Monday, December 12, 2011

"Spanish Arches" published in Haggard and Halloo / Poem: The Furnace Man

It took me six months to find the house I live in. Read my story in this prestigious online journal I'd never heard of: Haggard and Halloo.

H Ryder Haggard, author of the classic "She," was one of my favorite authors when I was growing up.

When I went outside this morning, my birdbath had frozen water, the cup of water in my car was frozen, but I had bundled up in layers. Drove to Quest Diagnostics for my monthly kidney tests.

This is the only Quest around that isn't crowded.

The pleasure from being published at H&H is reminiscent of when I was in fourth grade at Mercer Elementary School in Shaker Heights and the principal came to our class. That would be the class of Mrs. Evelyn Hess. No relation to the gas station or Bill.

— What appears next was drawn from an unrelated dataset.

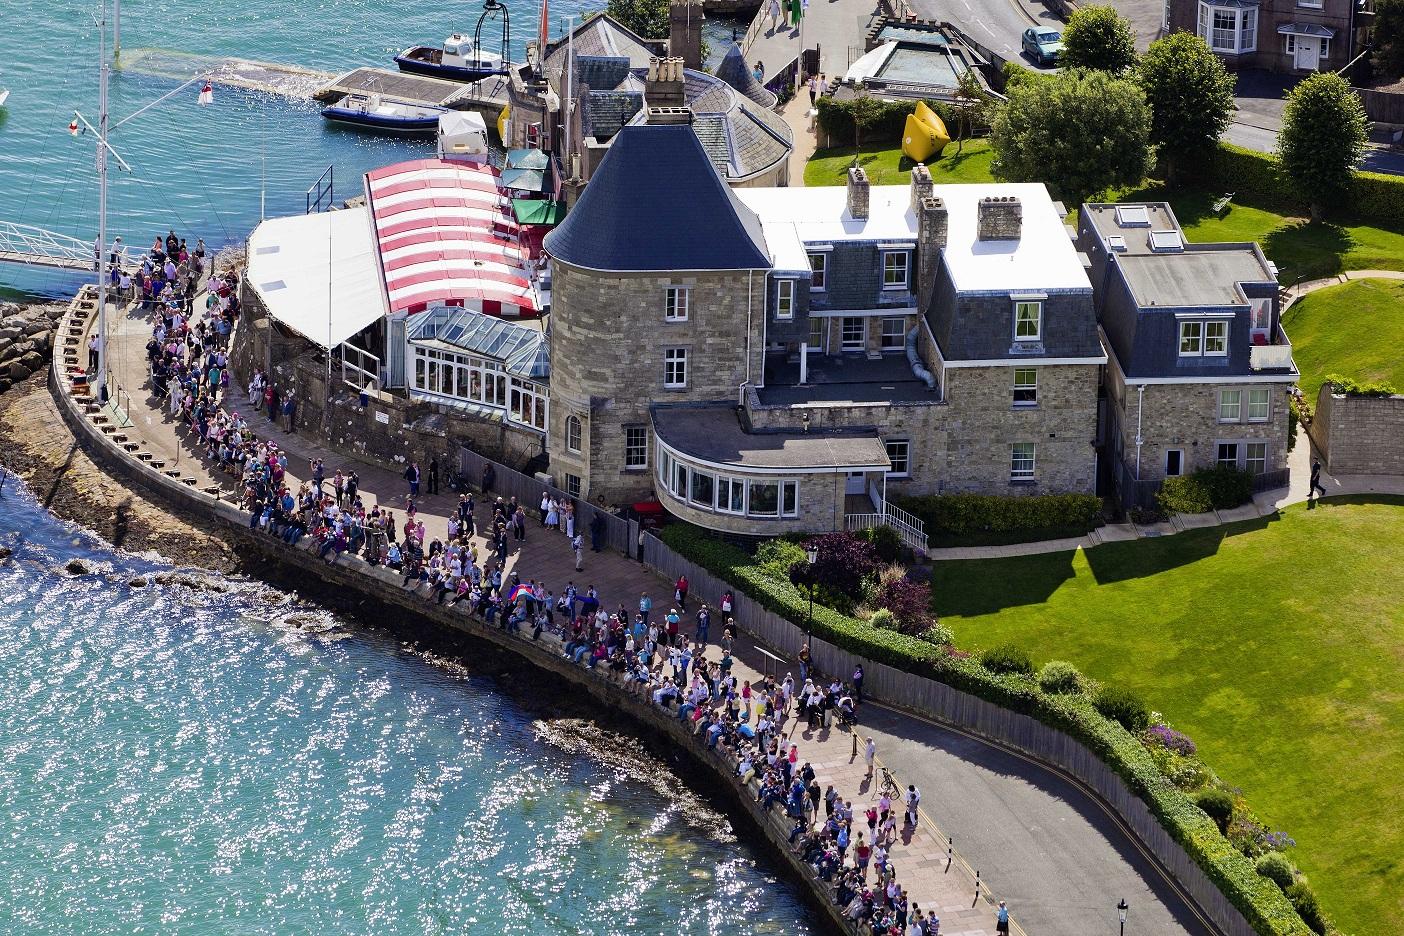 YCCS AT BICENTENARY INTERNATIONAL REGATTA IN COWES - NEWS - Yacht Club Costa Smeralda

I had written a report on Abraham Lincoln, in pencil, we weren't allowed to write in pen, and for some reason the princiPAL loved it, that would be the famous educator Mrs. Alice van Duesen, who had no kids of her own.

I was always obsessed with religion, so I did a lot of research in getting Lincoln's religion right. I used our home World Book Encyclopedia as well as the World Almanac. Plus some books in the Mercer Library, Mrs. Leffler, librarian.

Way to go, 65-year-old Ruthie! (I just inserted the first name of Mrs. Hess. Evelyn. Took me five hours to remember it.)

Anyway, Mr. Lincoln had no religion at all.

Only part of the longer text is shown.